Frank scrubs harder, down his legs and up over his belly, not sure if he's more pissed at Gerard for changing the subject or at himself for being upset about one death. He sees death every day. It's not like he doesn't know what vampires are. He shouldn't have delusions.

"Why?" Frank says.

"Bob said you needed it."

"Why do you follow the laws?" The gerents don't police one another, and Mikey would never interfere with anything his brother wanted to do. There's no reason Gerard couldn't rip Frank's throat out right now, sleep off daylight in that bed out there and drive north as soon as the sun set, leaving Frank's body in a tub of cold, pink water for the housekeeping staff to find. "What does it matter?"

Gerard does look at him now, eyes flat and fiery at the same time in a way Frank usually associates with Mikey. "I follow the laws because they're fair. Because they keep the balance."

Frank can't seem to stop the jerky movements with the washcloth, so he's scrubbing under his arm when he snaps, "But why do you even care? People aren't going to stop fucking. There's still like five billion of us. Are you that worried about killing off your food source?"

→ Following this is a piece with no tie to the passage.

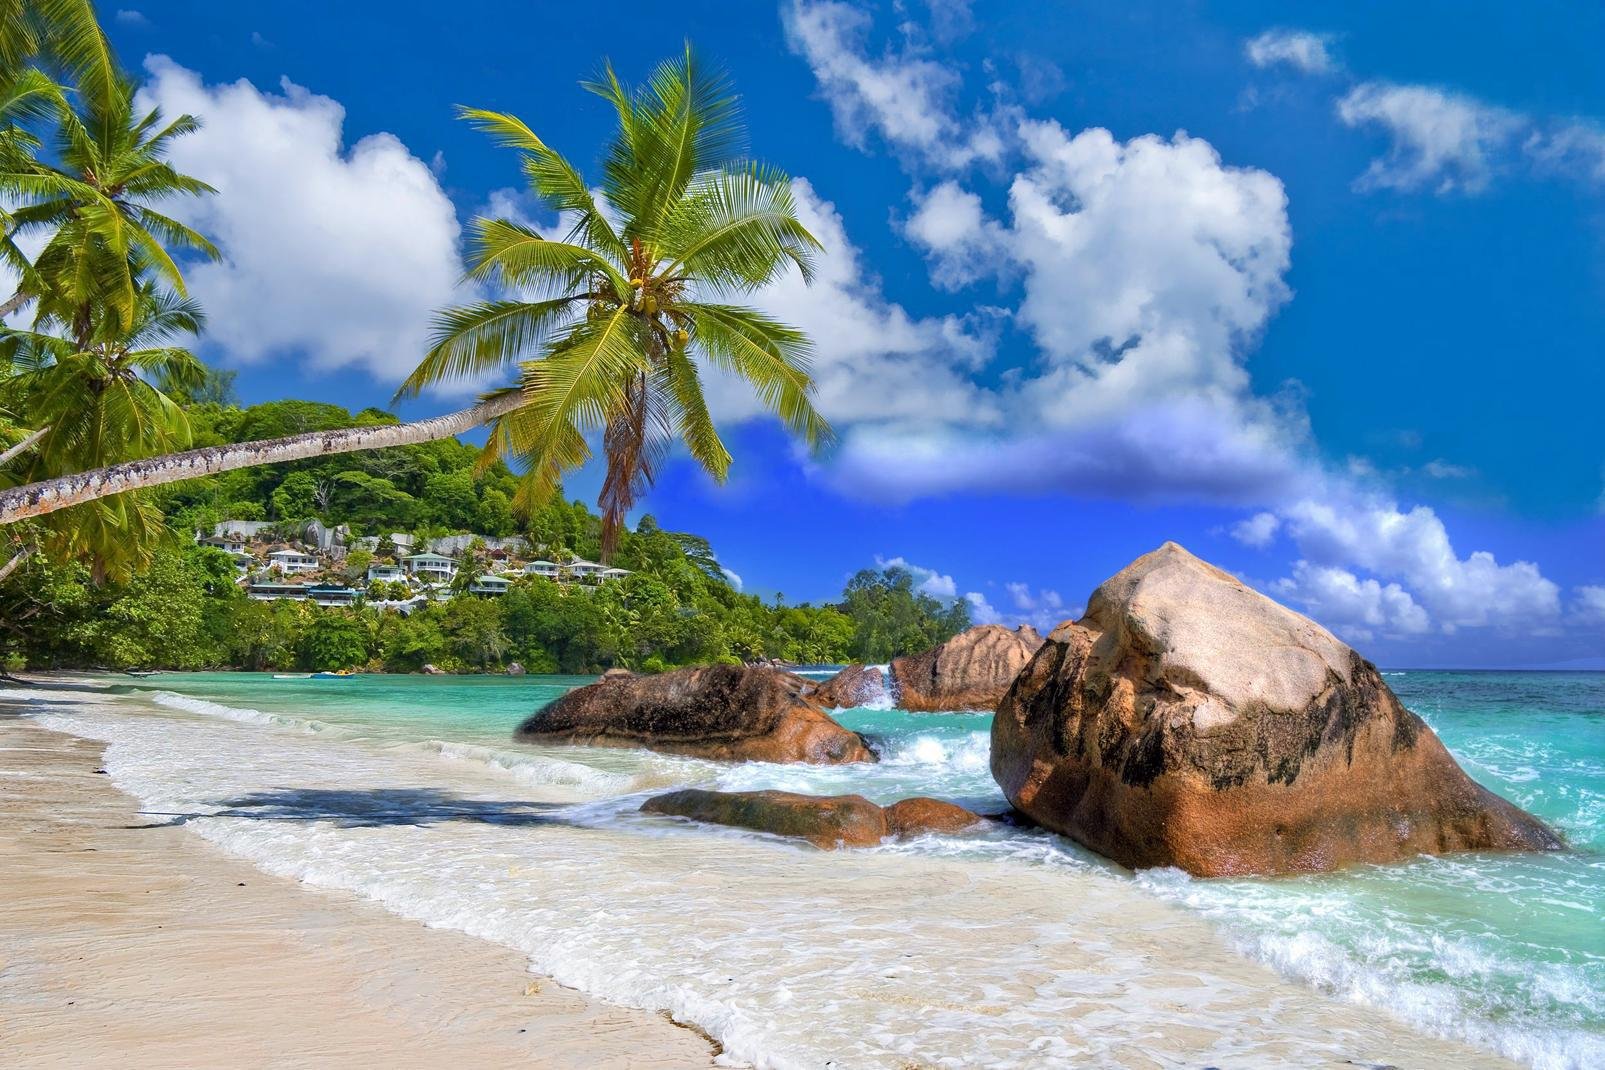 Avec son aéroport international, Mahé constitue un point de passage obligé pour les voyageurs se rendant aux Seychelles. Cette île montagneuse, longue de 27 km pour 8 km de large, est la plus grande de l'archipel. C'est aussi la plus peuplée avec ses 60 000 habitants, soit 9 Seychellois sur 10. Mais Mahé a beau être la plus urbanisée de toutes les îles, elle n'en offre pas moins des paysages sauvages ...

"We aren't all Ulrich," Gerard says in the voice that gets lieutenants scrambling to do what they're told. "He hasn't been human in two thousand years. I doubt he can remember. I can."

Frank expected some political speech or statistics about population shifts. Something he could argue with. But what the hell is he supposed to say to that? "Can you fucking wash my back then?" is what comes out of his mouth.

Gerard barks a short laugh, losing the flat glare, and drops to his knees on the bathmat.

There's a momentary struggle for the washcloth, because Frank can't actually believe he said that out loud and his brain tells him Gerard's trying to stop him from getting clean, but once he realizes that he did, and Gerard took him seriously, he surrenders it.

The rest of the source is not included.